As they pull up, Skylar is seen coming out of his home, closely followed by a hair spray wielding lady.
Randall Skylar: Candy baby, stop with the hair spray. It makes my teeth itch. [Candy baby?! Candy Baby??!!!!!! Oh my gosh!!!!!! It’s so close to Randy Baby!!! do you think this is a deliberate throw back to Lee’s old ways?]
Randall Skylar: Later, dude. Hey, it’s my press buddy, man…
…How you doing? You’re missing the most important gig of my life. Today, the Food for Flight caravan takes off at 8:30. It’s gonna blow your mind.
[Ummm sooooo Pam put it forward and now there is no protest from him about it??? I thought the PR was a really big deal?!!! me confused.. ]
Lee: I’m hip…
[Rofl!! No Lee, you ain’t! ]
…Where is Pam Jentry?
Randall Skylar: Please, please,.
…Ms Machiavelli? Ah, she’s flown the coop.
[eh?? so it’s been pushed forward, he’s going along with it, and she’s no longer involved?? why then doesn’t he put it off a few days? oh whatev.]
Amanda: Where did she go?
Randall Skylar: Crazy, I mean like totally bizarre.
…First, she pushes the departure date up to this morning after I told her, like, absolutely no way.
[rofl. He is quite the wimp isn’t he.. even when it comes standing up for his PR opportunity!]
…And then she conveniently forgets to clue me to the change…
…It’s very weird. The woman is on some heavy-duty power trip. What can I tell you?
[Whoa. Heavy Man!]
Lee: Everything that you know about her.
(Lee holds up his ID. No longer a press buddy!)
Randall Skylar: Whoa!…
..Candy, in the car…
…What’s happening man?
Lee: Pam Jentry is using Food for Flight to smuggle nuclear detonators out of the country.
Randall Skylar: Far out.
[LOL Skylar is so far always very exaggerated in his speech.. and here, when something is really extreme he sounds quite flat! Hilarious!!! ]
Randall Skylar: Now that’s a power trip!
Lee reacts silently to this reaction. Amanda doesn’t seem to react. She’s pretty focused.
Pam attacks him and stabs him with a knife in the chest. Oh my.. I hope that’s a bendy knife!
Pretty brutal for smk! Now that’s a power trip!
On the stage, Skylar appears to cheers from the crowd.
LOL.. it seems like a pretty small crowd!
Live Aid it ain’t! I guess this is because Pam moved up the date..
Randall Skylar: Morning. And welcome to the most important event since the invention of the electric guitar…[rofl!]
…Today, Food for Flight takes off on its biggest and best blow out ever…

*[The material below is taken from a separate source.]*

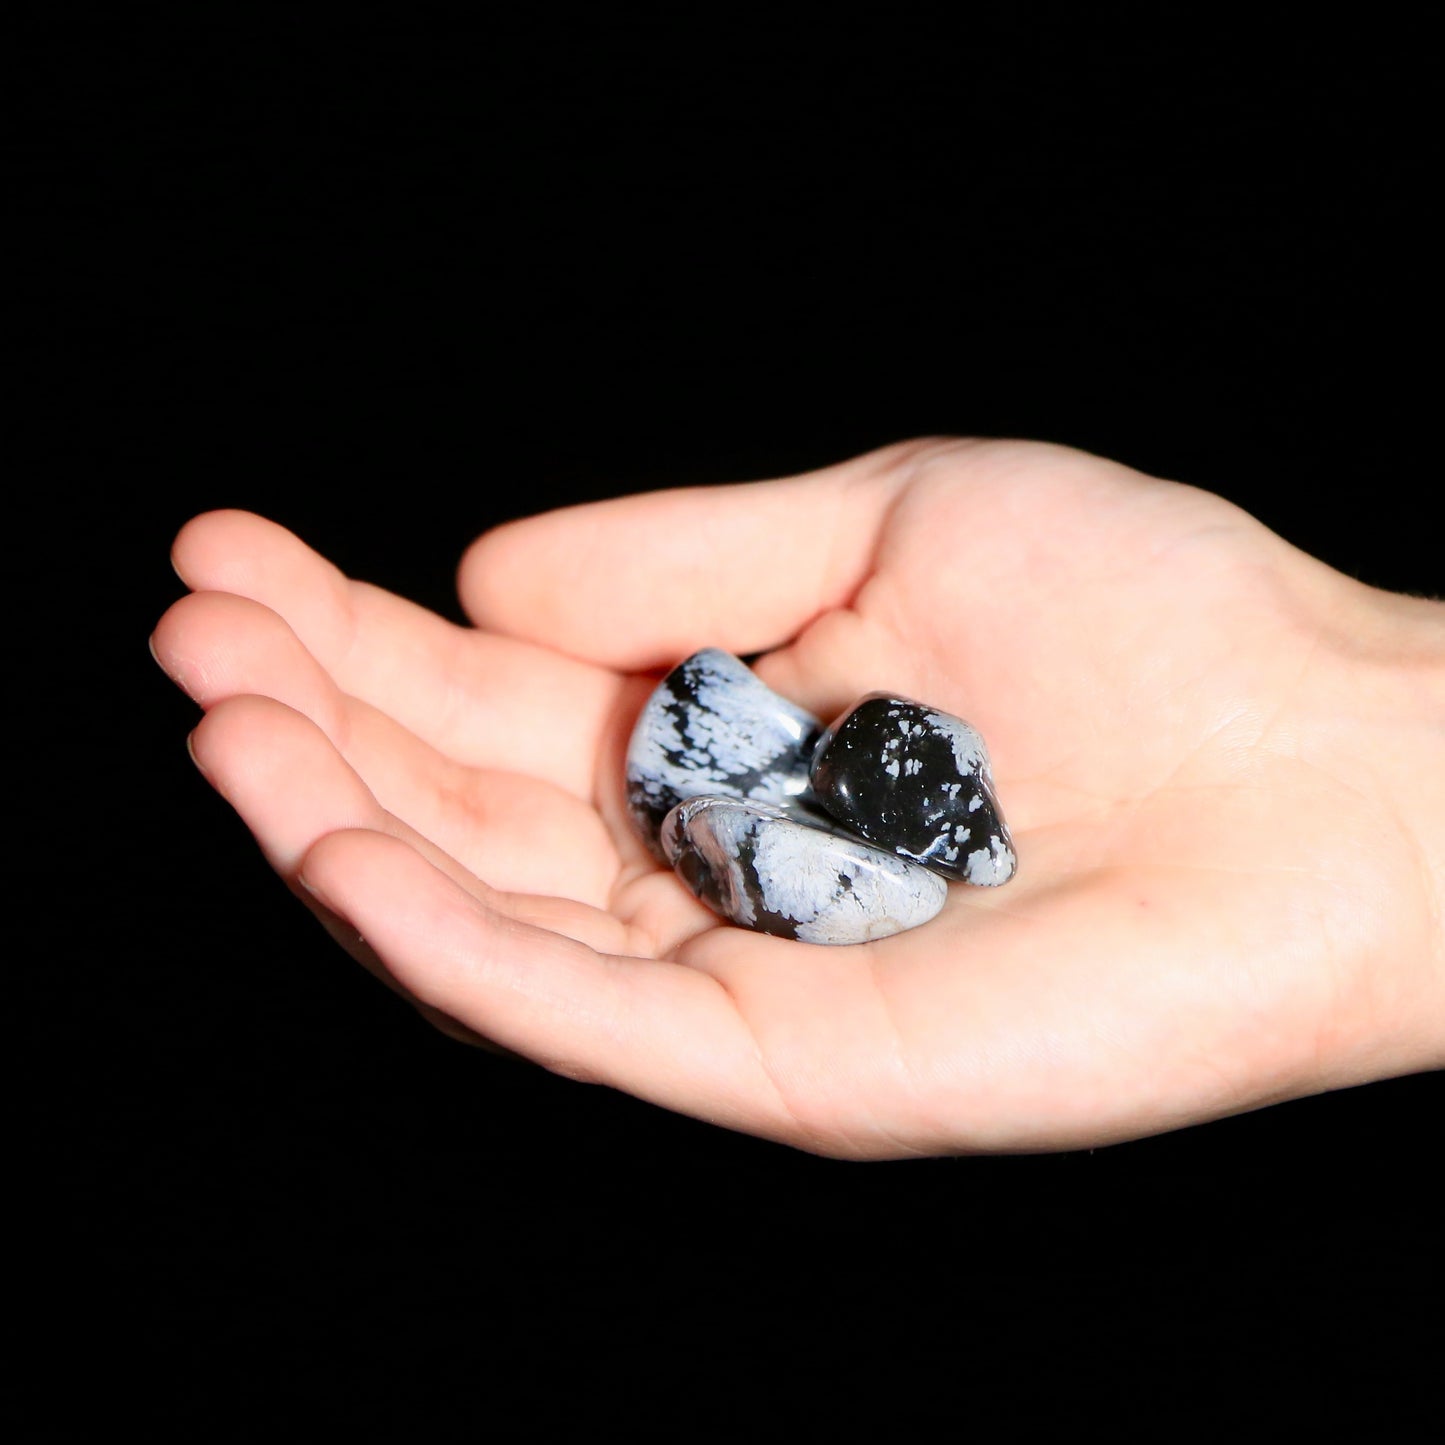 Snowflake Obsidian Tumbled (medium)

…Sending food, medical supplies and tons of love…
[lol. that guys appears to be wearing half a tie.. and whooo hooo! love the silver boots! this crowd is hip man!]
…to our brothers and sisters around the world.
Crowd: Skylar. Skylar. Skylar!
Randall Skylar: No, No, don’t applaud me! I am just a conduit for your energy, your love, your vibes…
[Yeah dude, that’s cool.. but is it just me or is all this going on a bit long and all seem a lot like some padding has gone on? get on with it!]
…Go on, give yourselves a hand. .. Put your hands together and know that Randall Skylar loves each and every one of you.
Enough of the love!
More shots of the crowd this time cheering themselves or something.
I think I’ll pause here for now.. this is not exactly riveting stuff is it. But I don’t want to rush.. so I’ll keep it short and sweet..
I’m feeling a little uninspired here! Hopefully your guys can share some interesting thoughts about this part of the ep so far!